Improvement of stablecoin infrastructure
According to related news, stablecoins have become a new financial infrastructure, with transaction volumes reaching $9 trillion in 2025. The explosive growth of crypto payment cards is built on the increasingly完善 stablecoin infrastructure. Users can quickly exchange stablecoins for fiat currency for daily consumption, greatly lowering the barriers to using crypto payments.
Market Landscape and Competitive Dynamics
Differentiation among projects
EtherFi’s absolute lead in spending ($55.4 million) compared to Cypher ($20.5 million) reflects a clear gap. This differentiation indicates varying levels of user trust in different projects and suggests that the crypto payment card market is still in a relatively concentrated stage. Leading projects hold a relatively stable advantage.

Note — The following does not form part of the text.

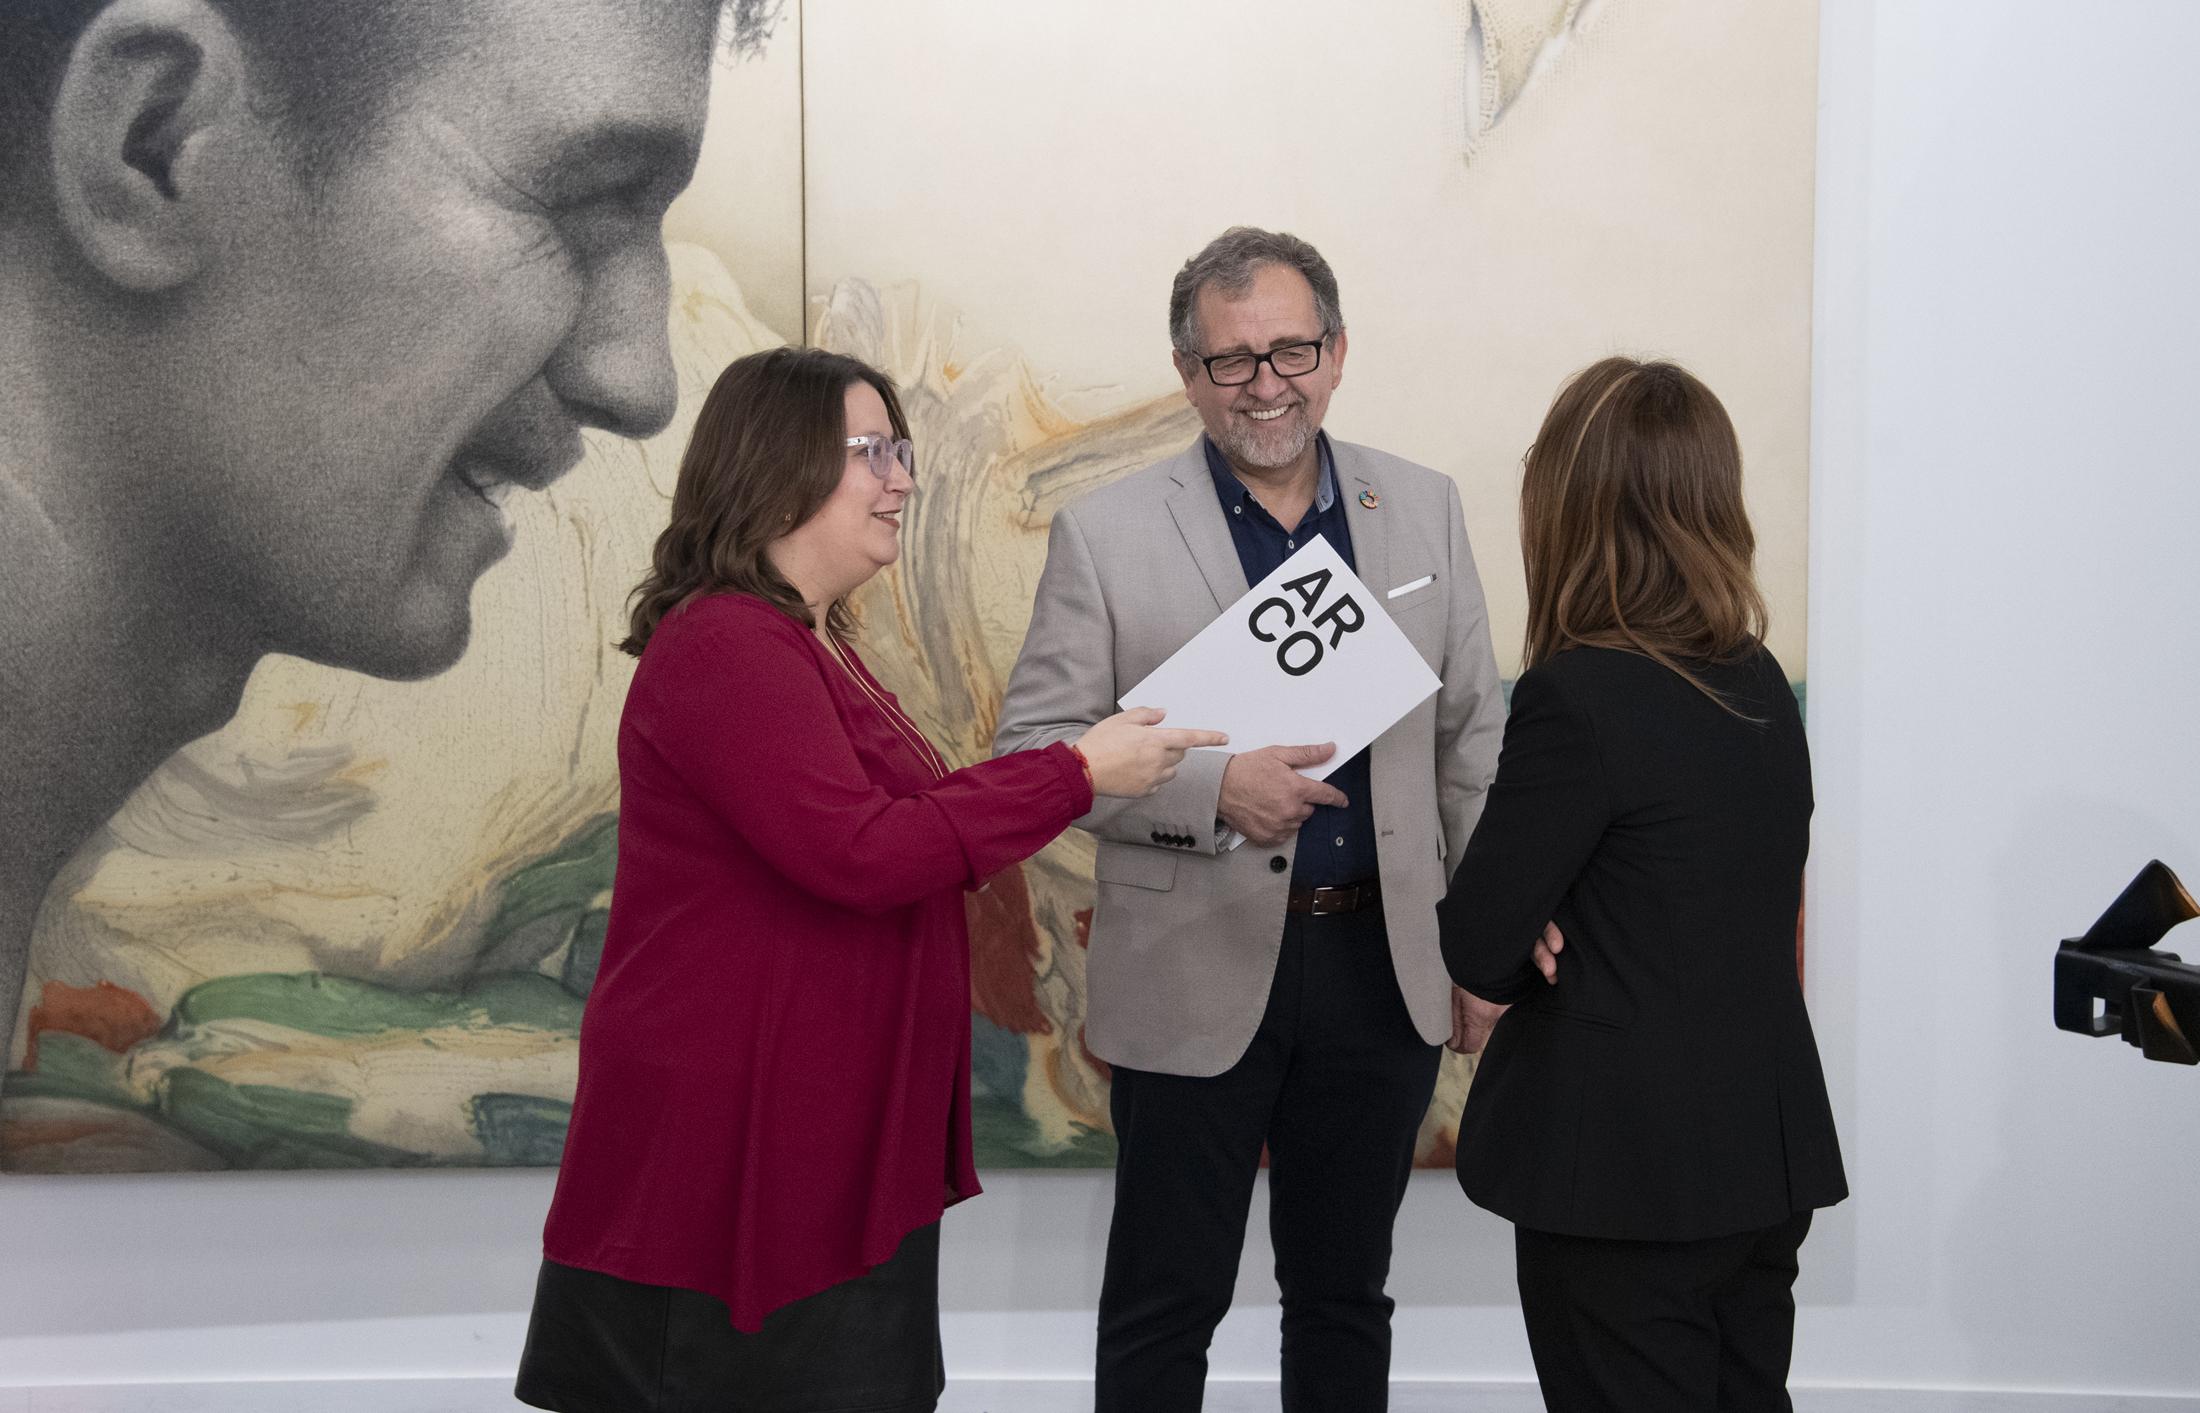 La Diputación de Castellón amplía su fondo artístico con la adquisición de ocho obras de arte contemporáneo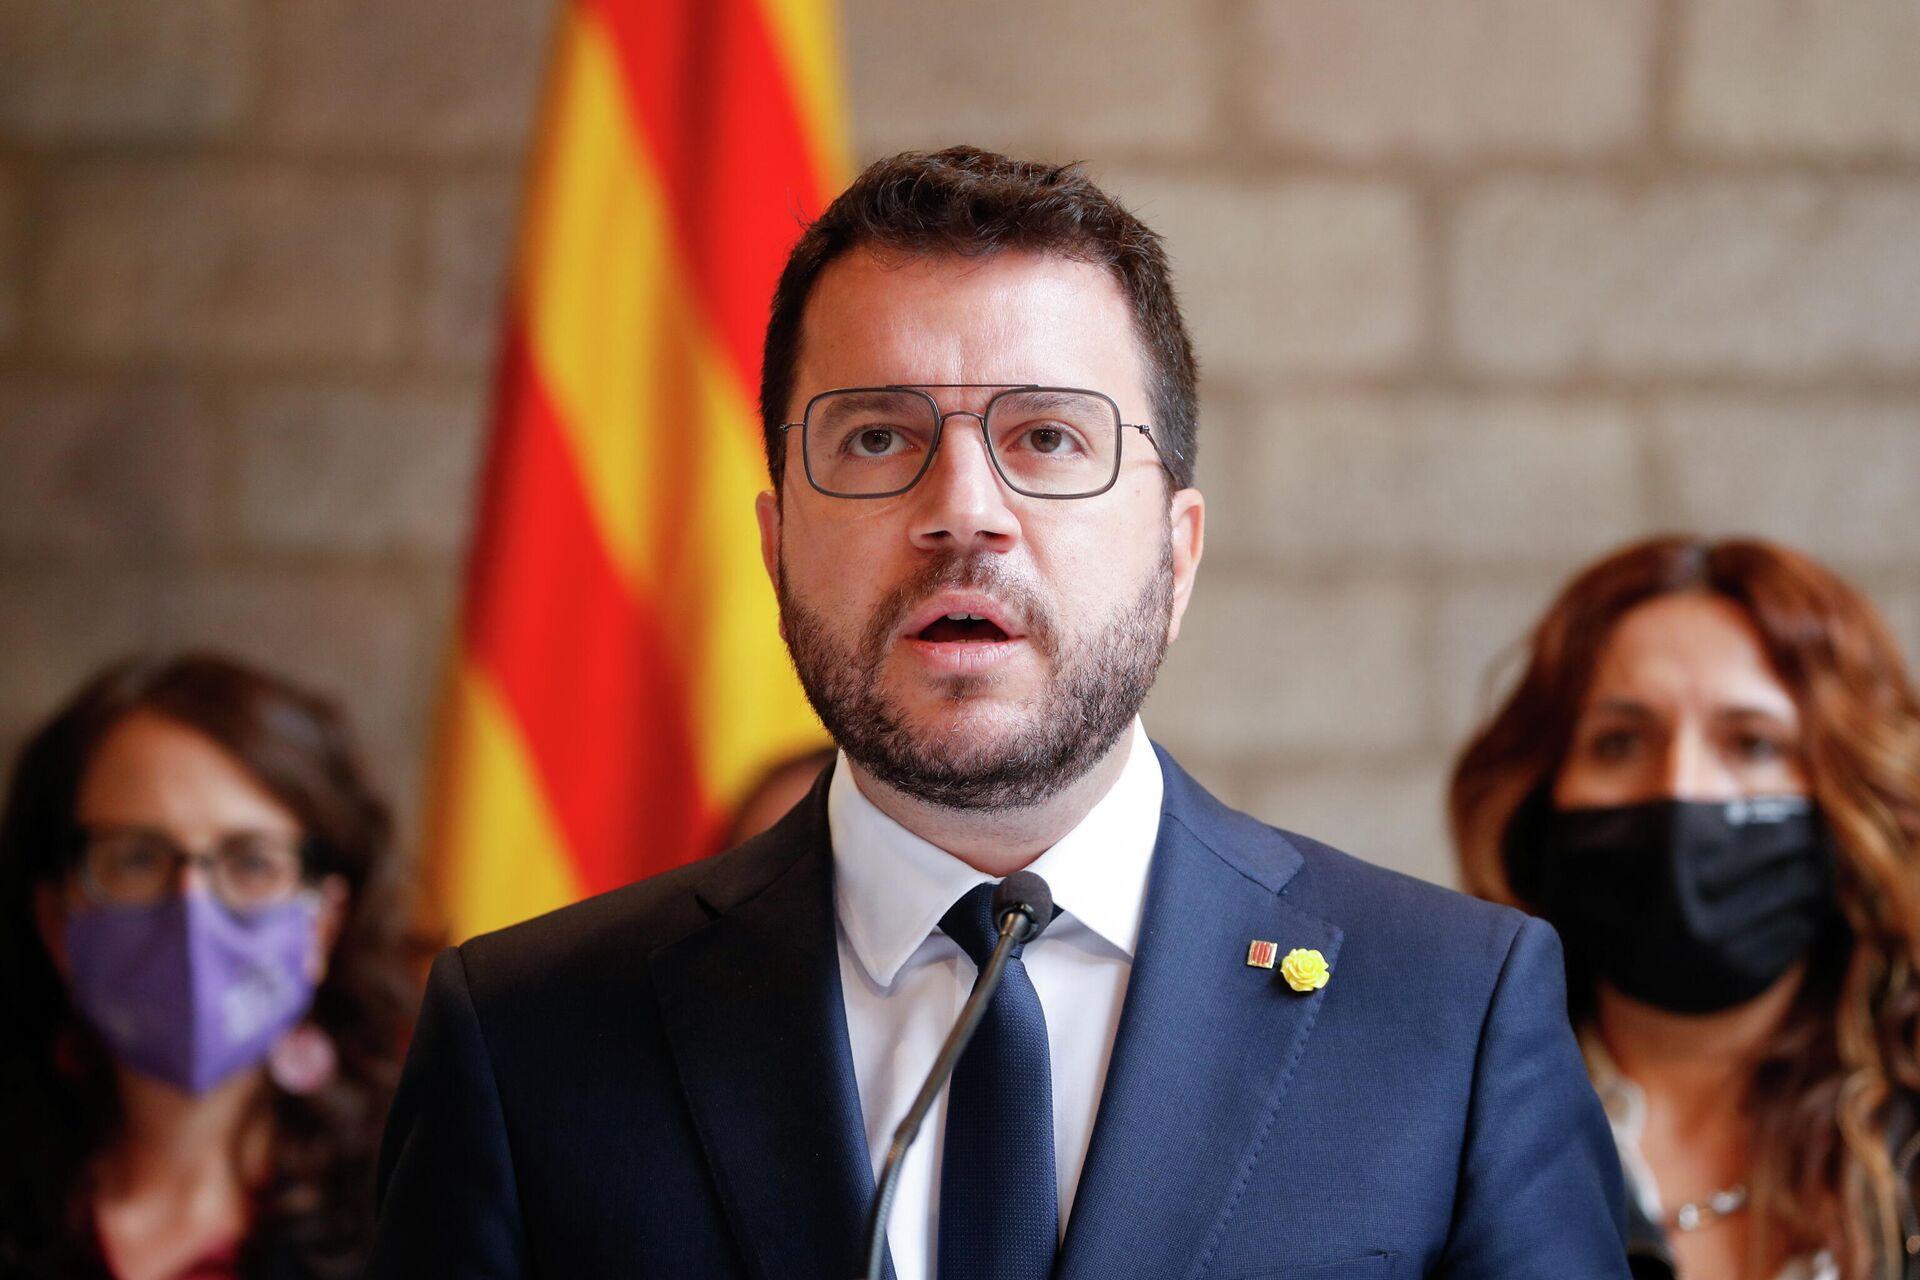 El presidente de la Generalitat de Cataluña, Pere Aragonès - Sputnik Mundo, 1920, 24.09.2021

Competition with traditional payment systems
Related news mentions that the payment sector faces challenges from traditional payment systems. However, seeing Visa actively embrace crypto payments and launch partnered crypto cards signals that traditional payment giants are adjusting strategies—they are no longer opposing crypto payments but integrating with them. This attitude shift is itself an important sign of crypto payments moving toward mainstream acceptance.
Outlook for 2026
Continued infrastructure development
Related forecasts predict that in 2026, the crypto market will enter an “industrialization stage,” with stablecoins becoming the internet’s foundational layer for cross-border settlements, remittances, and payroll payments. This means the crypto payment card market will benefit from more robust infrastructure support, further reducing usage costs.
Expansion of application scenarios
The 525% growth in payment cards indicates that there is still huge potential for expanding use cases. Currently focused on online consumption, future growth may extend to cross-border payments, B2B settlements, and other broader application scenarios.
Potential market size
From a personal perspective, although the annual transaction volume of over $90 million is still very limited compared to the global payment market, this growth rate suggests that crypto payment cards are in the early stages of rapid expansion. If this momentum continues, the market size in 2026 could see a significant leap.
Summary
The 525% growth in Visa crypto card transactions in 2025 is not just a number but an important milestone marking crypto payments’ transition from theoretical validation to practical application. Projects like EtherFi surpassing tens of millions of dollars in consumption demonstrate that user demand for crypto payments has shifted from conceptual to actual spending.
The key points are threefold: first, the crypto payment card market is scaling up, reflecting a genuine increase in the practicality of crypto assets; second, the participation and integration attitude of traditional payment giants open the door for further development of crypto payments; third, the improvement of stablecoin infrastructure is providing solid support for payment scenario applications.
The key focus for 2026 is whether this growth momentum can be maintained and whether new payment scenarios can be developed. Based on current trends, the outlook for the crypto payment card market remains promising.